Communicator awards, and other coincidences
Posted by Teresa at 04:00 PM *

Those who managed to hack their way through my Fourth of July rant may recall my puzzlement that on the front page of the profoundly uncommunicative Op Sail 2000 website were the words, “Winner of the 2000 Communicator Award of Distinction.”

Imagine my surprise yesterday when I noticed that the Cris Robins Agency—Cris Robins is a soi-disant literary agent whose name came up in the comments following my Want to see a scam in progress? post—is likewise a recipient of the 2000 Communicator Award of Distinction.
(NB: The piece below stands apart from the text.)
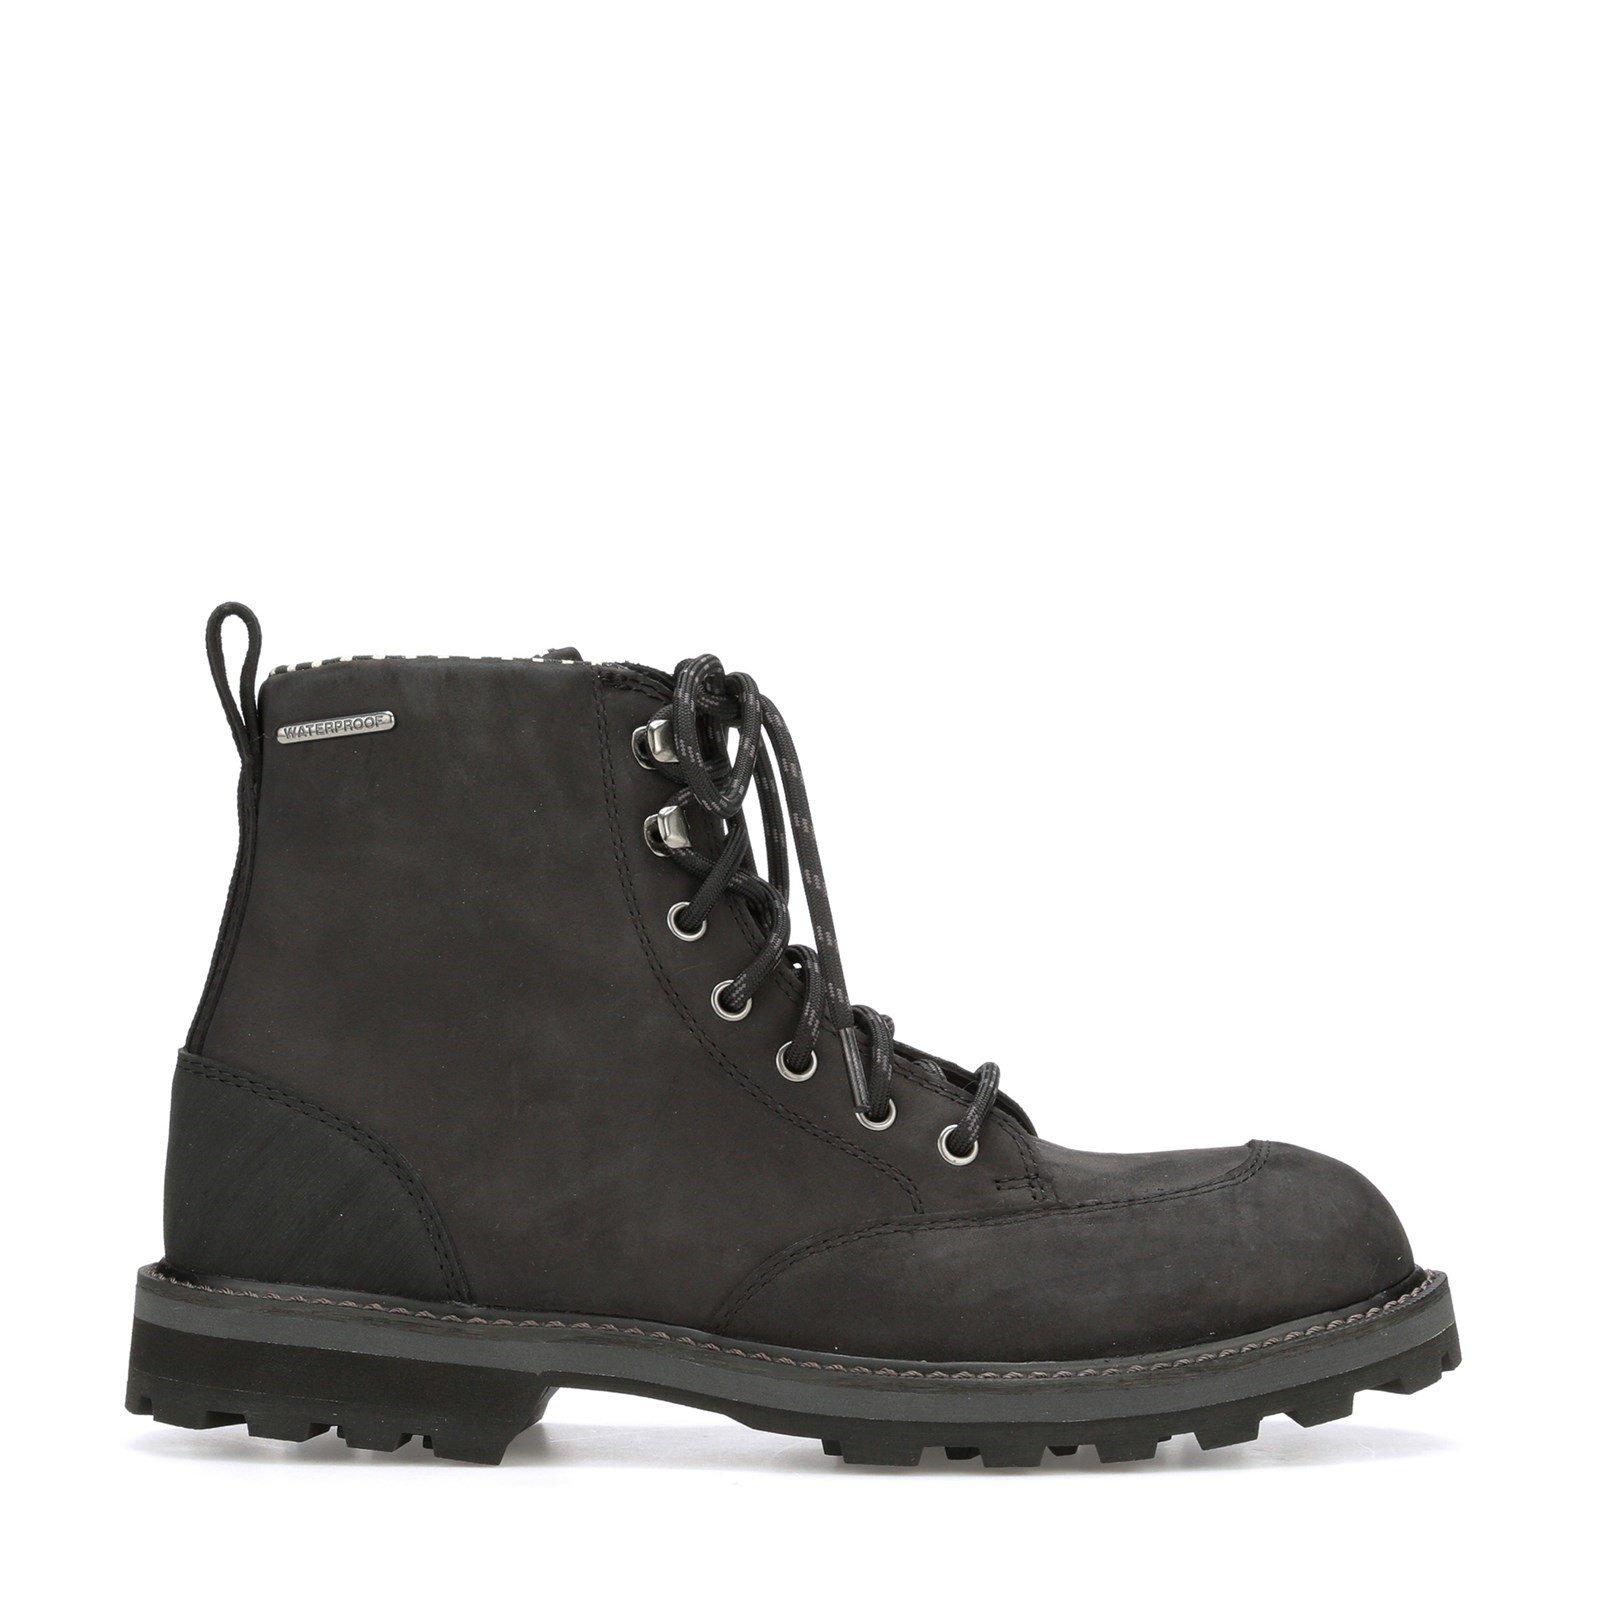 Muck Boots Men's Foreman Boot Black 31854 - Black 11
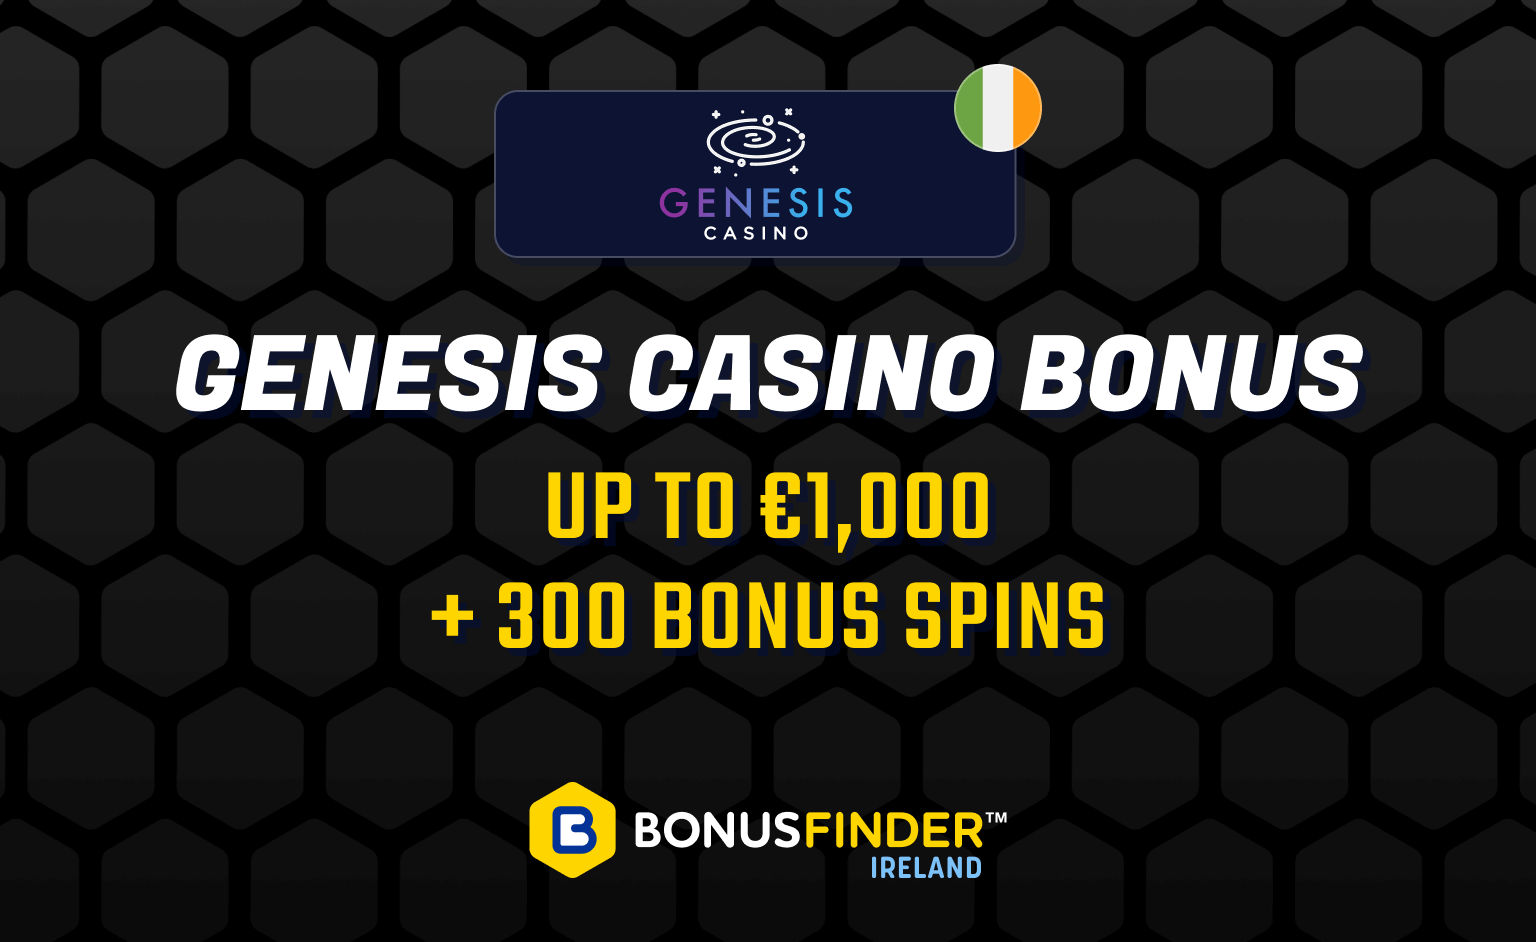 Genesis welcome casino bonus

In fact, Cris Robins has four of the things.

(On the same page, she also says that she was considered for the Pulitzer Prize in 1996. This is fetchingly modest compared to her usual claim to have been “nominated for the Pulitzer Prize”. You know that trick, right? Anyone can be nominated for a Pulitzer. You just pay the submission fee and send in the nominated material—or save your money and just say you sent in your submission, since the Pulitzer organization doesn’t release lists of nominees. So many people make misleading claims about being “Pulitzer nominees” that it’s the first entry in the Pulitzer FAQ, under the tactful heading, “What does it mean to be a Pulitzer Prize Nominated Finalist?”.) (But I digress.)

After that, I just had to go look at the Communicator Awards website, to see what kind of an operation would give the same award to a grandee-sponsored outfit like OpSail and a small-time grifter.

Turned out to be very interesting. I hit paydirt on Communicator Awards’ Print Media page. They’re using frames, so you’ll have to click on the links in the column on the left-hand side of the page. Most of this will be under the “Print Information” link.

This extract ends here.